Changes in cotinine concentrations caused by vaping were comparable across situations. This suggests that nicotine metabolism was unlikely to be a factor leading to any brain-based abnormalities.

Baseline carbon monoxide (CO) and desire levels were comparable across situations, thus indicating that education affected participant views about nicotine strength. Value-related thalamic activities responded to instructional attitudes about nicotine strength in a dose-dependent way.

No other brain areas exhibited comparable patterns in response to beliefs with the same statistical threshold. An independent anatomical mask was used for an area of interest (ROI) analysis, in which blood-oxygen-level-dependent (BOLD) signals from the thalamus were discriminated between taught belief conditions.

The allocation of belief conditions had much higher beta estimates than the surrogate distribution. Moreover, a 49% accuracy in decoding the taught belief condition from dispersed multivoxel patterns of thalamic activity was achieved, which was much higher than the chance level of 33%.

Subjective assessments of perceived nicotine intensity were associated with reward-related thalamic activities. Thus, subjective beliefs influenced by nicotine dosage instructions elicited dose-based thalamic responses. Nicotine beliefs did not affect reward-related striatal activity; however, these beliefs influenced the prefrontal-thalamic functional connection, as the ventral striatum monitored the value signal.

Nicotine beliefs impacted the functional association between the vmPFC and thalamus at the whole brain level and by ROI analysis. Comparatively, a different set of psychophysiological interaction (PPI) studies utilizing the ventral striatal region as the seed location did not reveal any significant alterations in functional relationships. Nicotine-related perceptions affected both thalamic activity and the prefrontal-thalamic connection in a dose-dependent manner.

Conclusions

Beliefs have a vital function in the brain, especially in addiction. In the current study, nicotine dose instructions affected users' perceptions of nicotine potency in e-cigarettes. These beliefs also influenced thalamic activity and functional connectivity in the prefrontal cortex-thalamus circuit.
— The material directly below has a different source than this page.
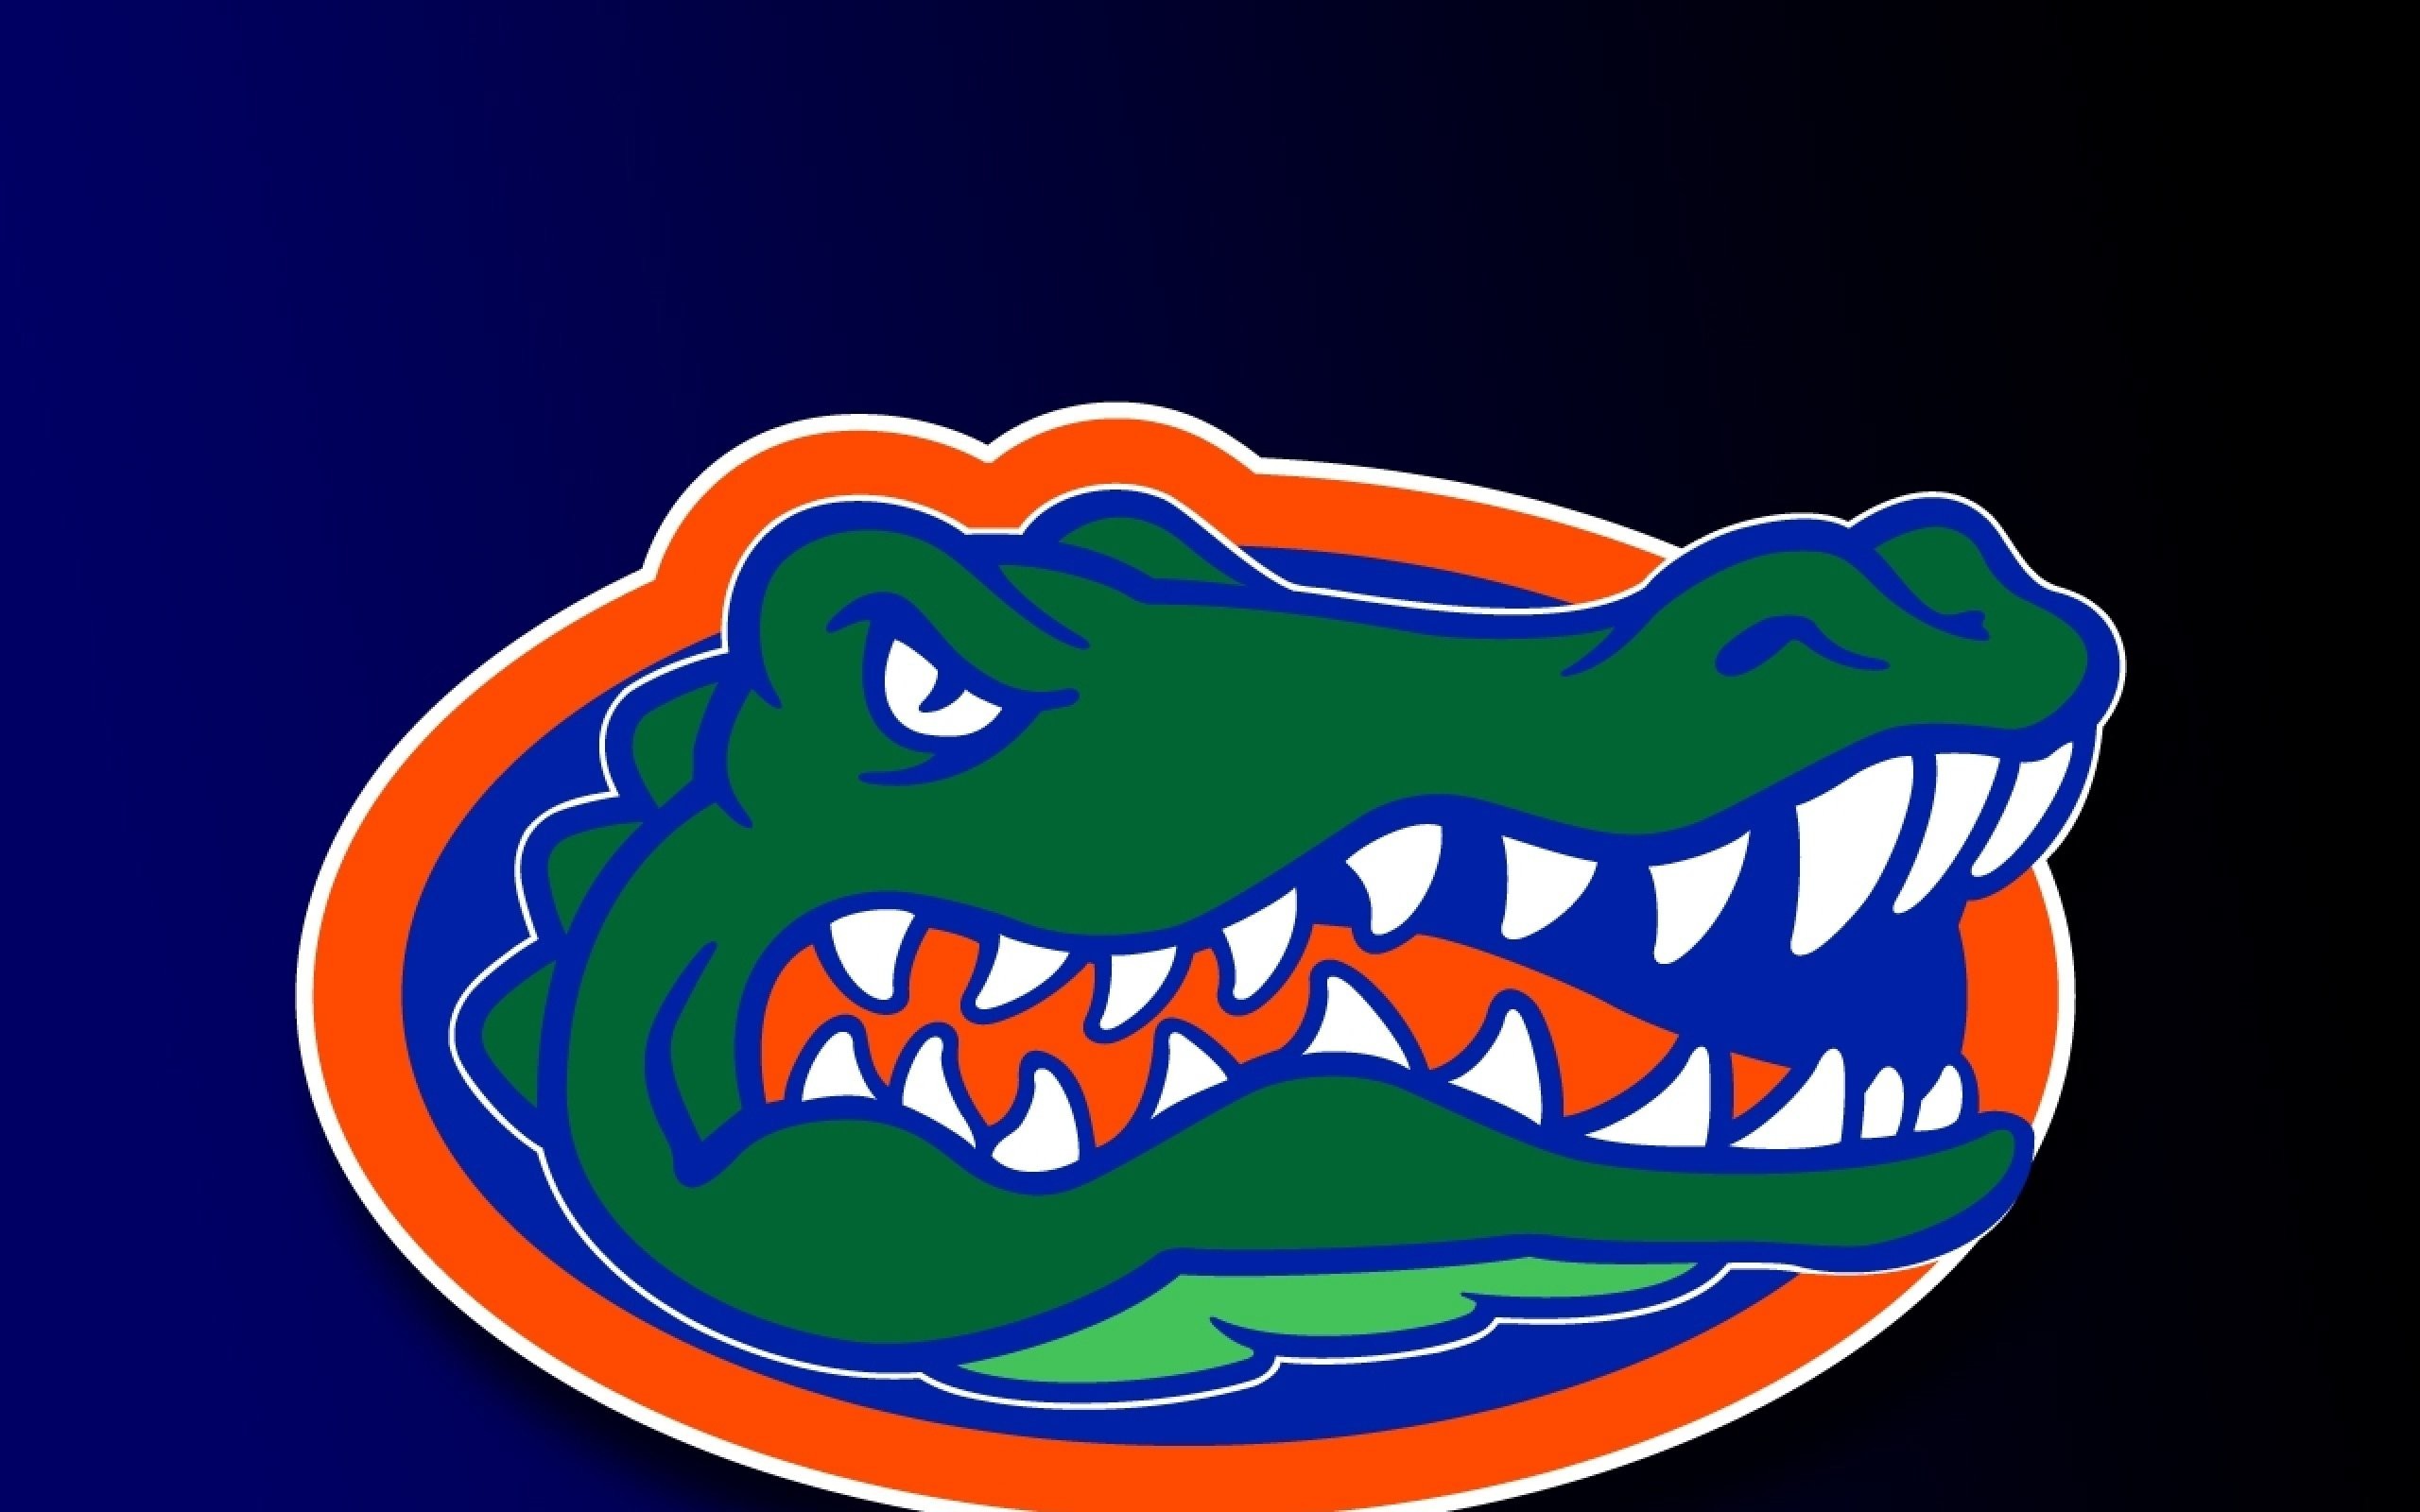 Florida Gators College Football Wallpaper - Florida Gators Basketball Logo - HD Wallpaper

The thalamic region, which is abundant in neuronal nicotinic acetylcholine receptors (nAChRs), is responsible for the attention-improving effects of nicotine. The vmPFC-thalamus circuit contains parametric data on beliefs and expectations, thus emphasizing their significance in abstract mental states. Nicotine-related thoughts also caused dose-based responses by the thalamus, which is a significant nicotine-binding site.